# Church Names



## bookslover (Jan 1, 2007)

I've long thought that Christian churches should have specifically Christian names: either reflecting some aspect of theology, or a biblical person, etc.

"Foonman Avenue Presbyterian Church" (for example) tells you where the church is, but it doesn't sound very spiritual.

Giving Christian churches names which are specifically Christian would be a good way to get "in the face" of the culture a little, also.

Any thoughts?


----------



## Scott Bushey (Jan 2, 2007)

Thats exactly why we chose our name; it says it all:

*Christ Covenant Reformed Presbyterian*


----------



## jaybird0827 (Jan 2, 2007)

"To all that be in Rome, beloved of God, called to be saints: Grace to you and peace from God our Father, and the Lord Jesus Christ." (Romans 1:7)

"... unto the churches of Galatia" (Galatians 1:2)

"to all the saints in Christ Jesus which are at Philippi, with the bishops and deacons" (Philippians 1:1)

"Unto the angel of the church of Ephesus write..." (Revelation 2:1)

"And unto the angel of the church of the Laodiceans write..." (Revelation 3:14)

Also, "you can't judge a book by its cover"; e.g. "Westminster Presbyterian Church" is common in PC(USA) as well as in the PCA. "Grace Presbyterian Church", "Providence Presbyterian Church", and so on.


----------



## NaphtaliPress (Jan 2, 2007)

jaybird0827 said:


> "To all that be in Rome, beloved of God, called to be saints: Grace to you and peace from God our Father, and the Lord Jesus Christ." (Romans 1:7)
> 
> "... unto the churches of Galatia" (Galatians 1:2)
> 
> ...


Beat me to this observation. Soooo--according to the regulative principle of church names, they should be after the location.


----------



## ChristopherPaul (Jan 2, 2007)

I have often wished that the Reformed churches were set apart completely in name from the broad evangelical churches which share the same “protestant” designation.

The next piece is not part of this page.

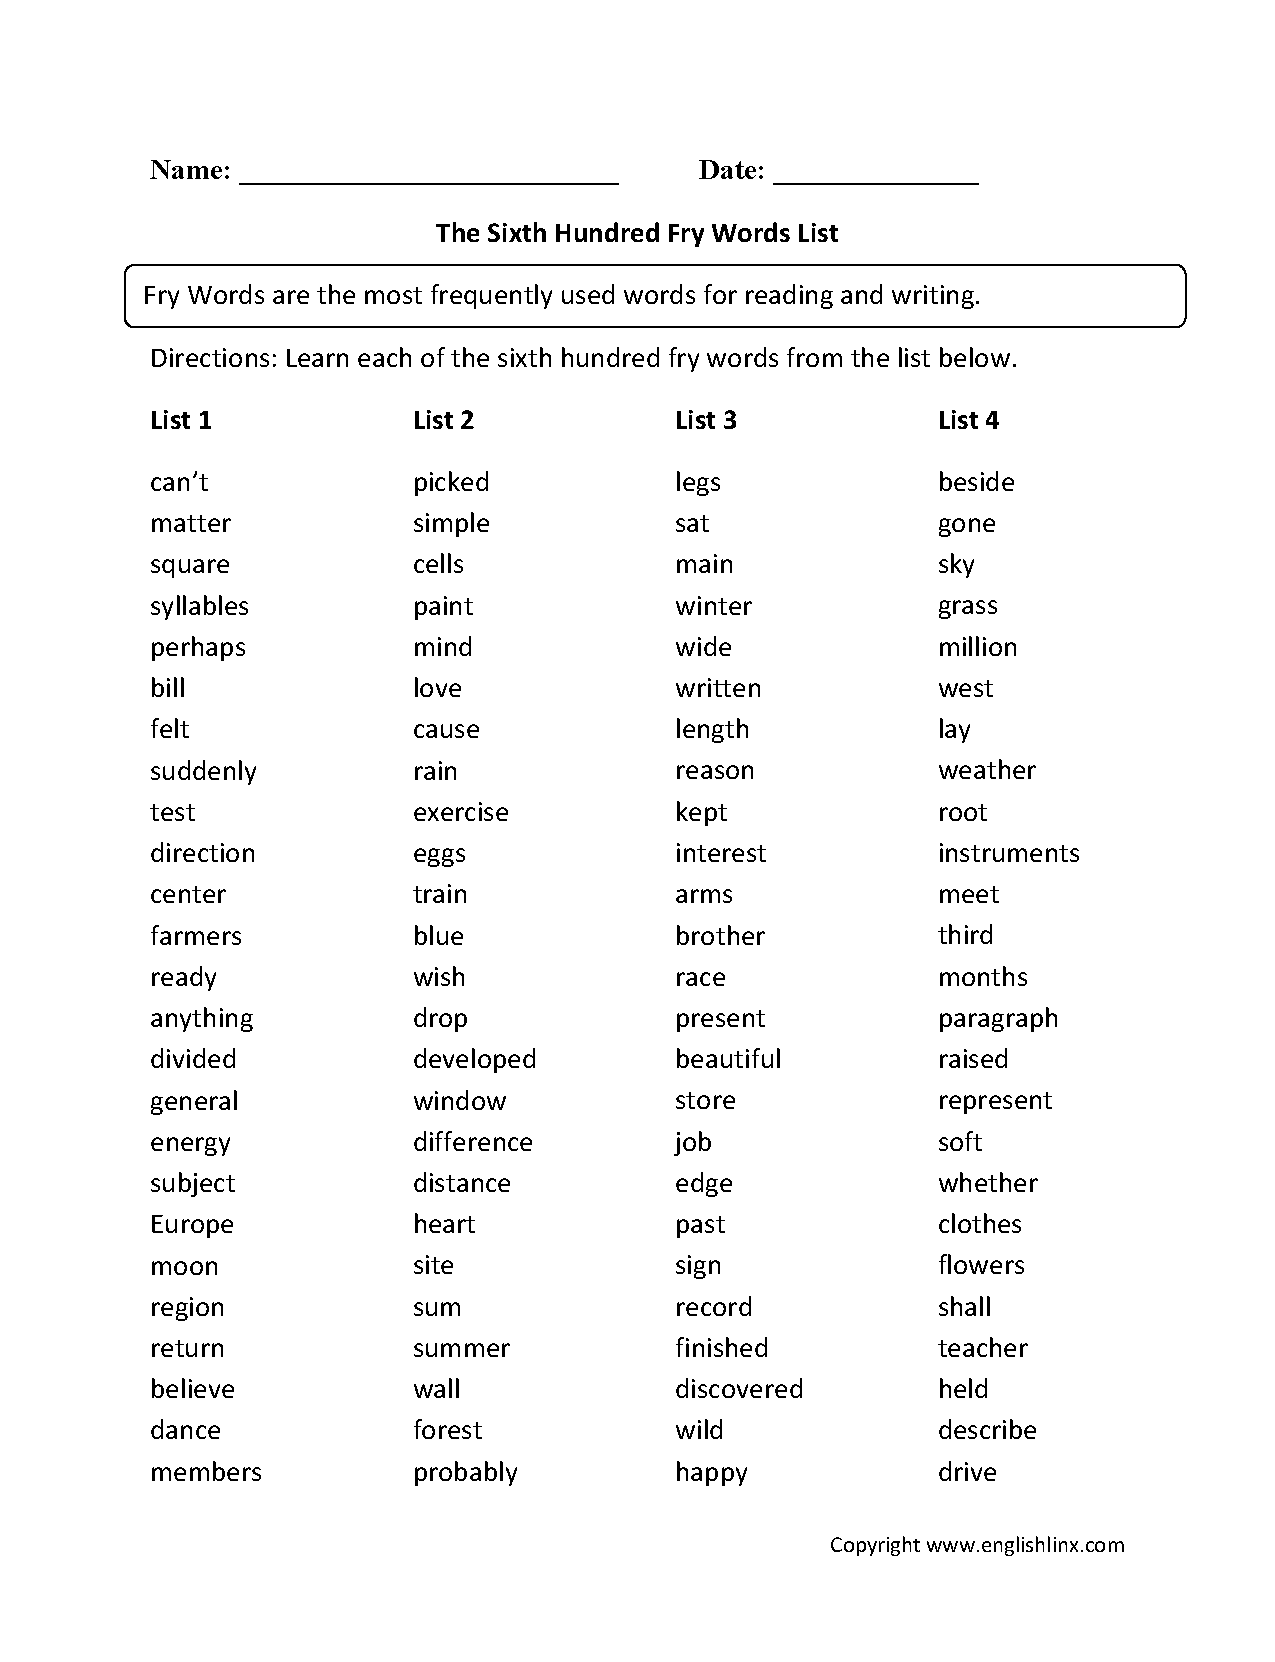 6Th Grade Sight Words Printable 15 Best Images Of 6th Grade Spelling Words Worksheets 6th

The world sees three Christian churches (generally): Eastern Orthodox, Roman Catholic, and Protestant. I hate being lumped in with the now, non-protestors who actually are reforming back to Rome. If I could have my wish, there would be a fourth designation that was clearly the original reformed Protestants made up of the churches that still protest Roman theology. So by this designation, all churches would automatically be, say Christ Covenant Reformed Presbyterian, but under one heading. They would be called something like Western Orthodox or Christ Apostolic Church, or Israel Christian Church  

Regarding local church names, I agree that the city name should be included for clarity. Wouldn’t it be beneficial if all those churches within that hypothetical fourth Christian church I mentioned above all used the same naming system?

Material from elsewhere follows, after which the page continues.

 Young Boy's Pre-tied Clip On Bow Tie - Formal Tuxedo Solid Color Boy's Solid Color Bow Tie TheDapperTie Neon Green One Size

But alas, the world is still cursed and made up of sinners, so I will have to be content with what we have.


----------



## Davidius (Jan 2, 2007)

jaybird0827 said:


> "To all that be in Rome, beloved of God, called to be saints: Grace to you and peace from God our Father, and the Lord Jesus Christ." (Romans 1:7)
> 
> "... unto the churches of Galatia" (Galatians 1:2)
> 
> ...


----------



## toddpedlar (Jan 2, 2007)

ChristopherPaul said:


> If I could have my wish, there would be a fourth designation that was clearly the original reformed Protestants made up of the churches that still protest Roman theology. So by this designation, all churches would automatically be, say Christ Covenant Reformed Presbyterian, but under one heading. They would be called something like Western Orthodox or Christ Apostolic Church, or Israel Christian Church



There's already the Church of the Lord Jesus Christ of the Apostolic Faith... we could all just join them


----------



## ChristopherPaul (Jan 2, 2007)

toddpedlar said:


> There's already the Church of the Lord Jesus Christ of the Apostolic Faith... we could all just join them



I see the wink, but they are still considered Protestant along with Saddle Back, Willow Creek, Lake Wood, St. Andrews, Christ Covenant Reformed Presbyterian, etc.

I am talking about separating from the Protestants, even though we would be doing so because we in fact still protest. I mean we can’t kick the non-protestors out right? 
  Talk about confusion.


----------



## Davidius (Jan 2, 2007)

ChristopherPaul said:


> I see the wink, but they are still considered Protestant along with Saddle Back, Willow Creek, Lake Wood, St. Andrews, Christ Covenant Reformed Presbyterian, etc.
> 
> I am talking about separating from the Protestants, even though we would be doing so because we in fact still protest. I mean we can’t kick the non-protestors out right?
> Talk about confusion.




Do we need to start classifying ourselves as "Confessional Protestants" instead of just "Protestants"?


----------



## ChristopherPaul (Jan 2, 2007)

CarolinaCalvinist said:


> Do we need to start classifying ourselves as "Confessional Protestants" instead of just "Protestants"?



That would certainly be a proper clarification, but it would do just as good as me walking around saying I am a Confessional Presbyterian; the world would still lump me in with all Presbyterians including the PCUSA. I am speaking of changing something that never really got officially changed in the first place – it just happened. All non-Roman Catholics were labeled Protestants. How do we create a more clarifying designation apart from EOC, RCC, and Broad Evangelical Protestants? It would be an effort in futility.


I guess for me, it is just wishful thinking


----------



## Davidius (Jan 2, 2007)

ChristopherPaul said:


> That would certainly be a proper clarification, but it would do just as good as me walking around saying I am a Confessional Presbyterian; the world would still lump me in with all Presbyterians including the PCUSA. I am speaking of changing something that never really got officially changed in the first place – it just happened. All non-Roman Catholics were labeled Protestants. How do we create a more clarifying designation apart from EOC, RCC, and Broad Evangelical Protestants? It would be an effort in futility.
> 
> 
> I guess for me, it is just wishful thinking


----------



## govols (Jan 3, 2007)

Why would anyone want to go to a 2nd Baptist or 2nd "anything" or even worse, 3rd Baptist.

If they can't be 1st then why settle for 2nd best?


----------